A buttery shortbread cookie with a puddle of fruity jam? Yes, please! Thumbprint Cookies are a classic for good reason—they are festive, easy, and oh so tasty.


  • 1 cup (2 sticks) unsalted butter, softened
  • 3/4 cup granulated sugar, plus more for rolling
  • 1 teaspoon vanilla extract
  • 1 egg
  • 2 1/4 cups all-purpose flour
  • 1 teaspoon salt
  • 1/2 cup jam


  1. Preheat oven to 350°F. Line a baking sheet with a silicone baking mat or parchment paper, set aside.
  2. In the bowl of a stand mixer, or in a mixing bowl using a hand mixer, cream together the butter and sugar until light and fluffy, about 2 minutes. Add in the vanilla and egg, and mix until combined.
  3. Add in the flour and salt to the creamed butter mixture in two additions, mixing well until combined.
  4. Fill a small saucer with granulated sugar. Form the dough into 1 tablespoon balls using a cookie scoop or your hands. Roll in the sugar, and then place on the prepared baking sheet. Repeat with remaining dough, placing cookies about an inch apart.
  5. Using your thumb or the end of a wooden spoon, make an indentation in the center of each dough ball. Place the cookies in the freezer for 5-10 minutes to chill.
  6. When the dough is chilled, fill the indentation with about 1/2 teaspoon of your preferred flavor of jam. Don’t overfill the indentation, or your jam might run out in the oven.
  7. Bake in the preheated oven for 10-12 minutes, or until the bottoms of the cookies just begin to turn slightly sandy brown. Remove from the oven, and let cool for 3 minutes on the baking sheet, and then transfer to a wire baking rack to finish cooling.

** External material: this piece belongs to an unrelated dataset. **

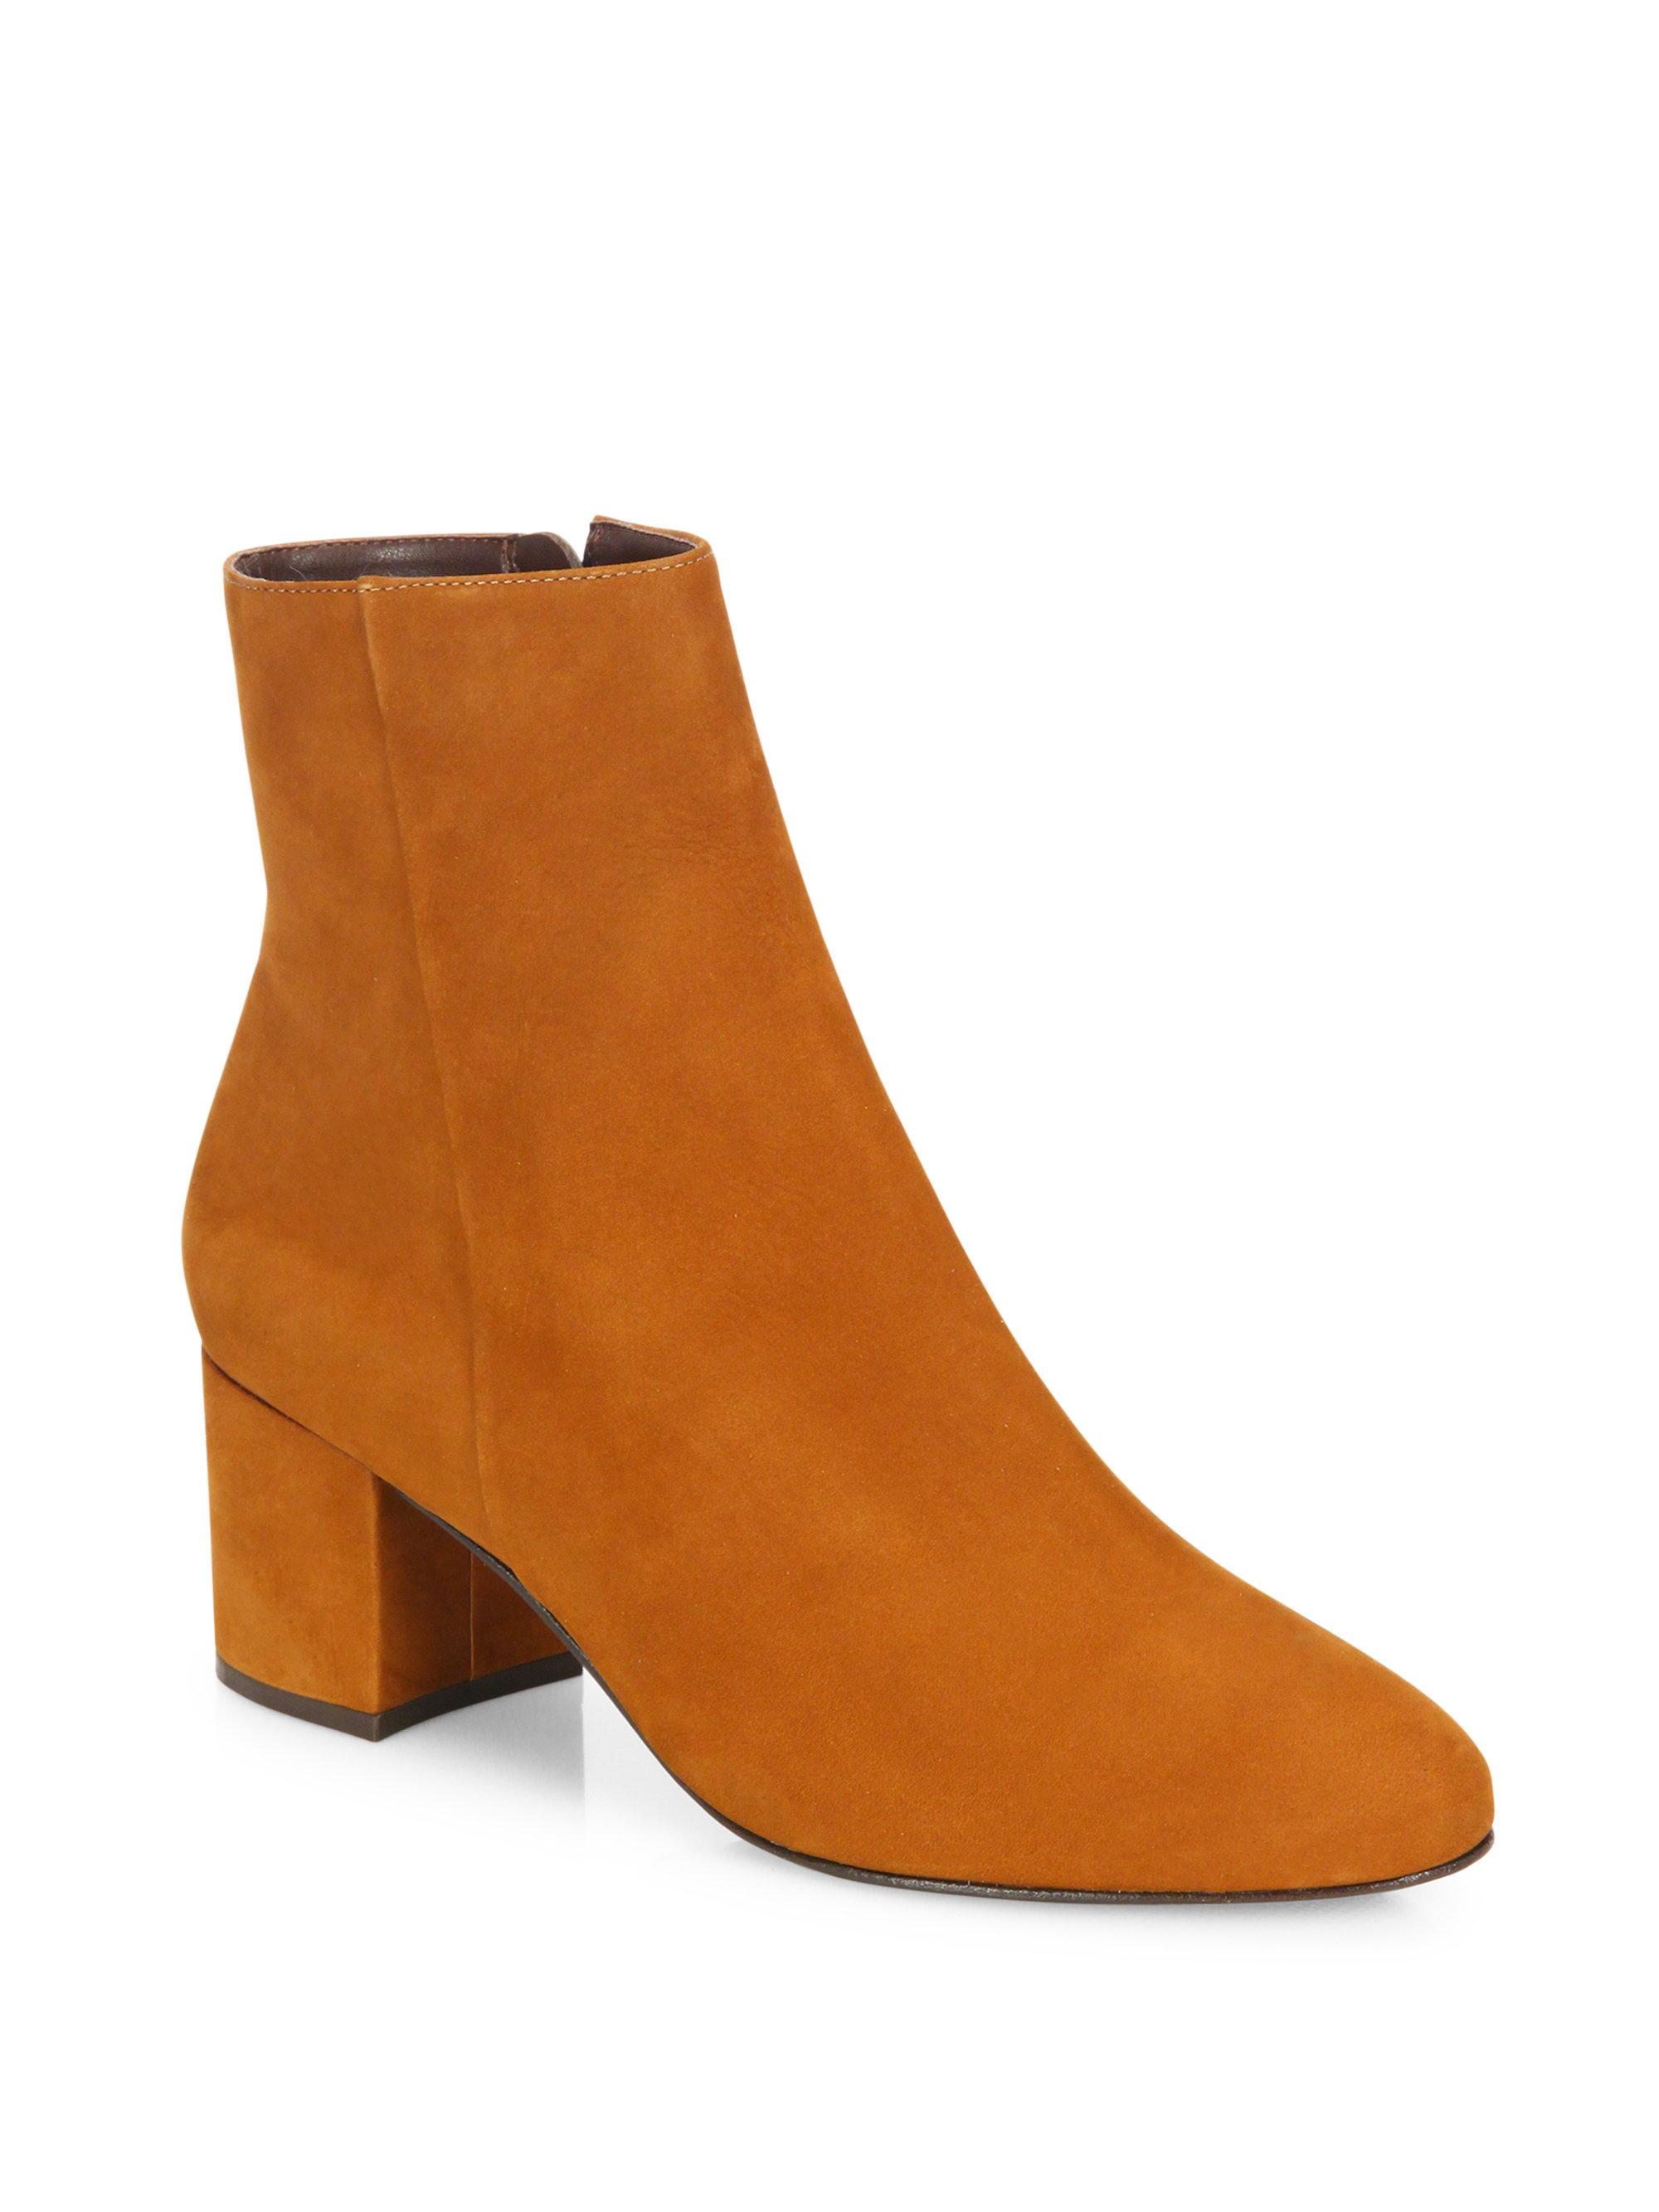 schutz suede ankle boots in brown lyst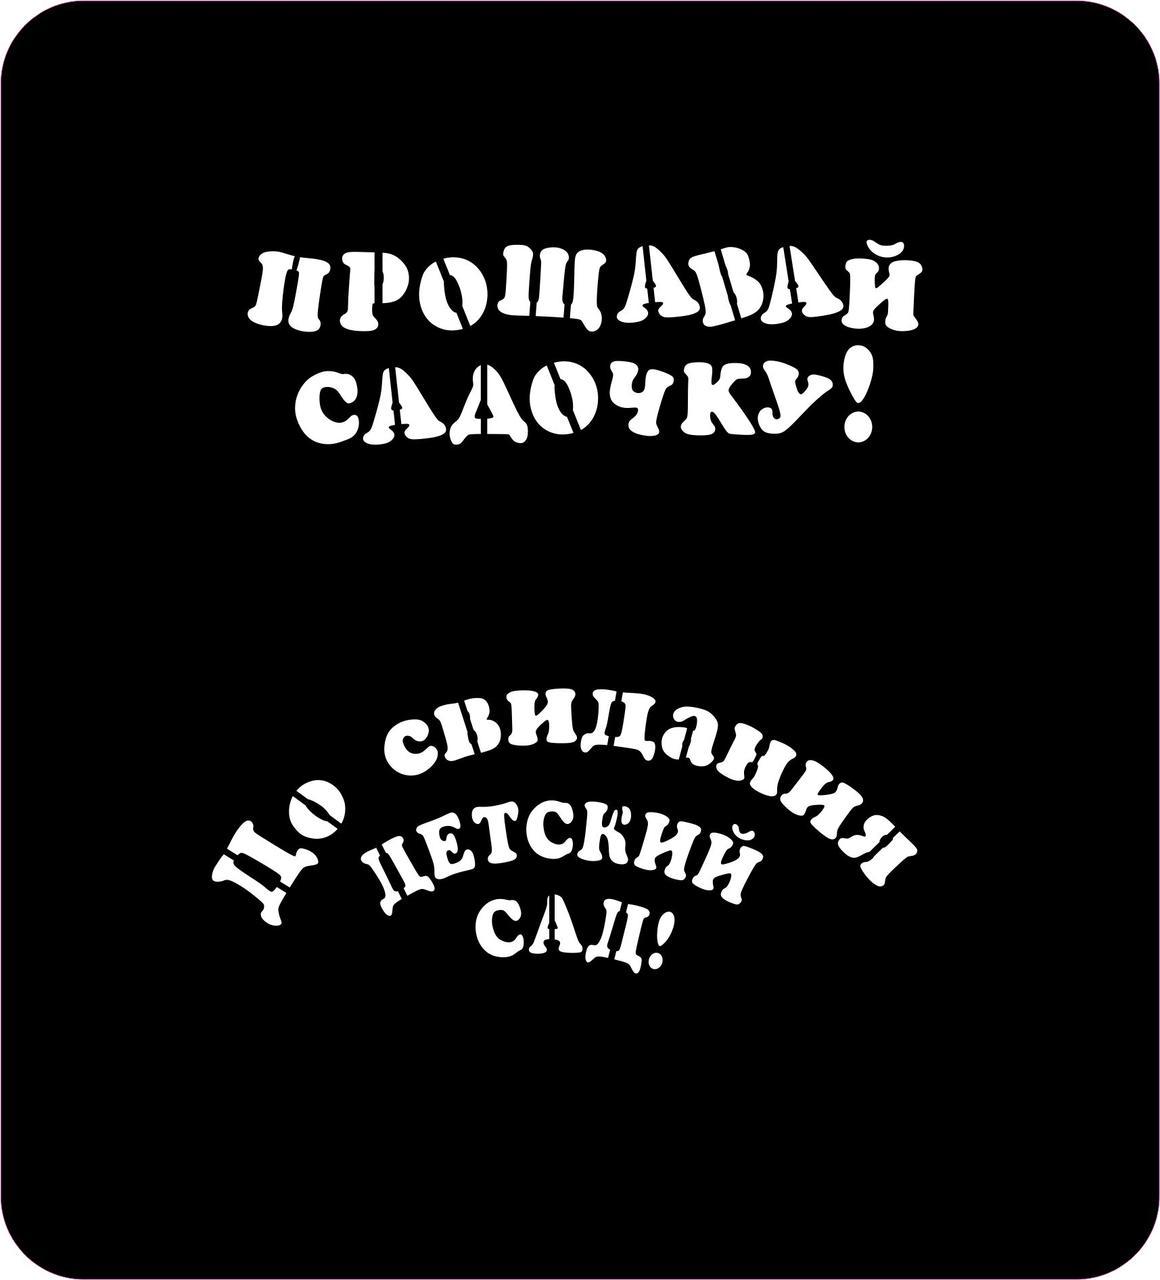 Трафарет Надписи детский сад №2

  • Thumbprint cookies are really not the time to make large cookies–smaller is better to get the right ratio of crumbly cookie to soft jam. Stick to one tablespoon of dough per cookie.
  • Any jam will do the trick here! Some of our favorites are Mixed Berry Jam, Strawberry-Rhubarb Jam, Peach Jam, Apricot Jam, and Raspberry Jam.
  • Jam isn’t the only thing you can put in thumbprint cookies! Lemon curd and chocolate-hazelnut spread are both delicious.

Nutrition Information:
Yield: 24 Serving Size: 1 cookie
Amount Per Serving: Calories: 93Total Fat: 1gSaturated Fat: 0gTrans Fat: 0gUnsaturated Fat: 0gCholesterol: 9mgSodium: 97mgCarbohydrates: 20gFiber: 0gSugar: 10gProtein: 2g

At Wholefully, we believe that good nutrition is about much more than just the numbers on the nutrition facts panel. Please use the above information as only a small part of what helps you decide what foods are nourishing for you.